Predictive Analytics

What’s the Difference Between Predictive Analytics & AI?

In recent years, AI has transformed from a concept only heard of in Si-Fi movies to an everyday business reality. Its solutions are employed across all types of companies, from high-tech giants to supermarkets to insurance brokers, and everything in between. Big data and predictive analytics software are also trending, with 90% of companies stating that their business depends on data analysis and that they plan to increase their budget in this area. 

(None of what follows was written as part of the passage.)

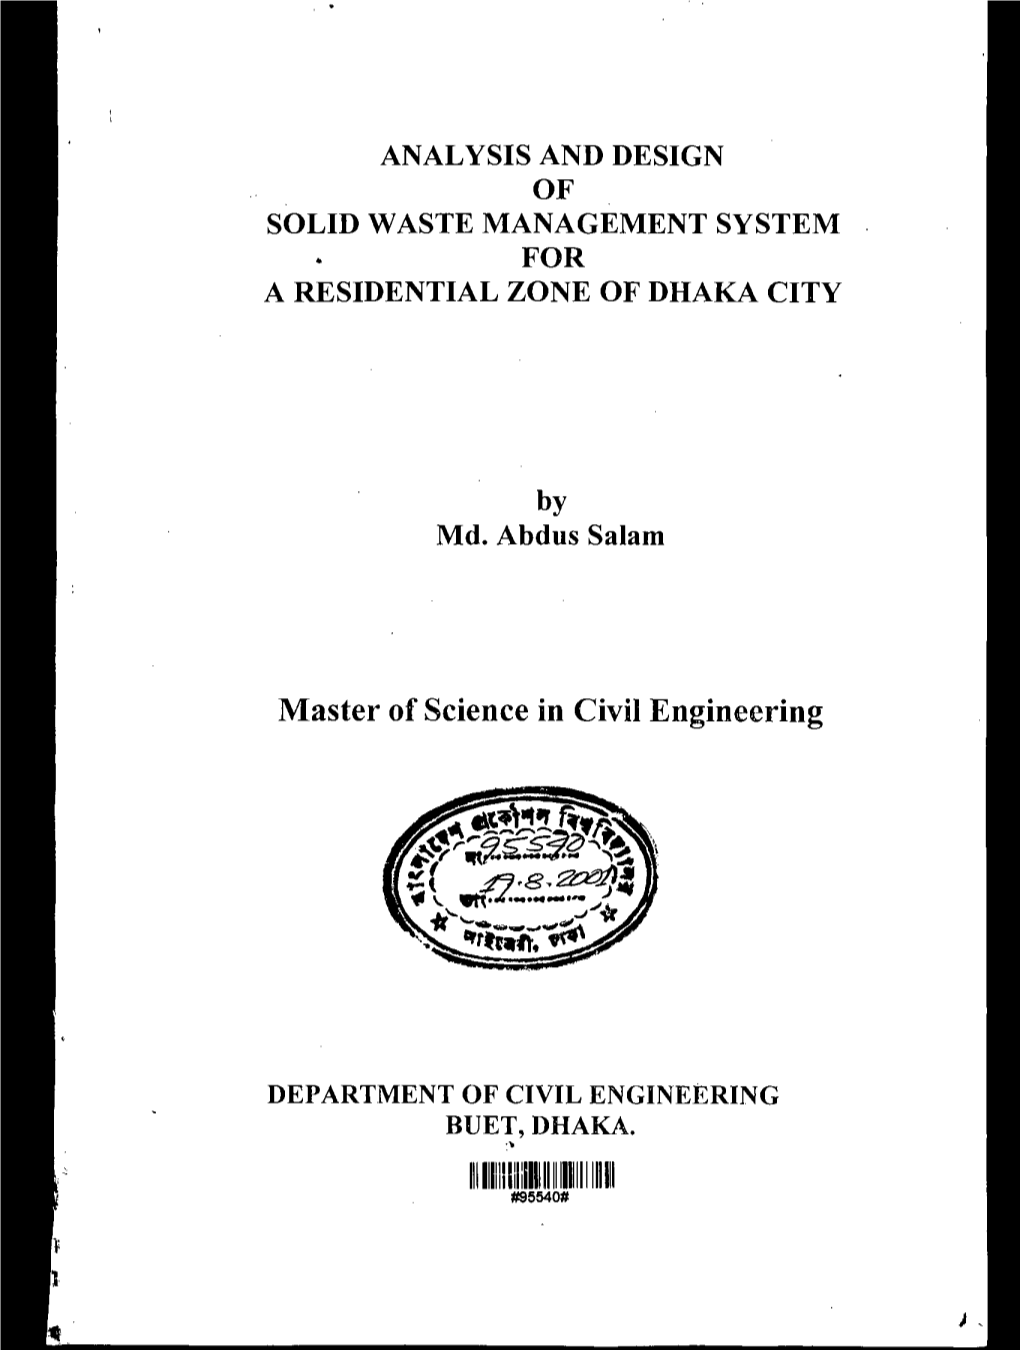 Master of Science in Civil Engineering

Both AI and predictive analytics are two terms frequently heard together. But what do they mean precisely, and what’s the connection between them? And more importantly, how can you harness the power of AI and predictive analytics for financial software in your business. Let’s find out. 

What is artificial intelligence?

Artificial intelligence, more commonly known by its abbreviated form of AI, is a type of computer science that attempts to emulate human thinking. Does this mean that machines think for themselves? Well, yes and no. AI uses an algorithm to ‘think,’ meaning it makes its ‘decisions’ based on the information it is programmed with or programmed to learn. AI is capable of learning from data. This is a concept known as Machine Learning. Some of the most well-known AI solutions include Google Search, smart assistants such as Siri or Alexa, stock trading robo-advisors, and social media platforms like Facebook.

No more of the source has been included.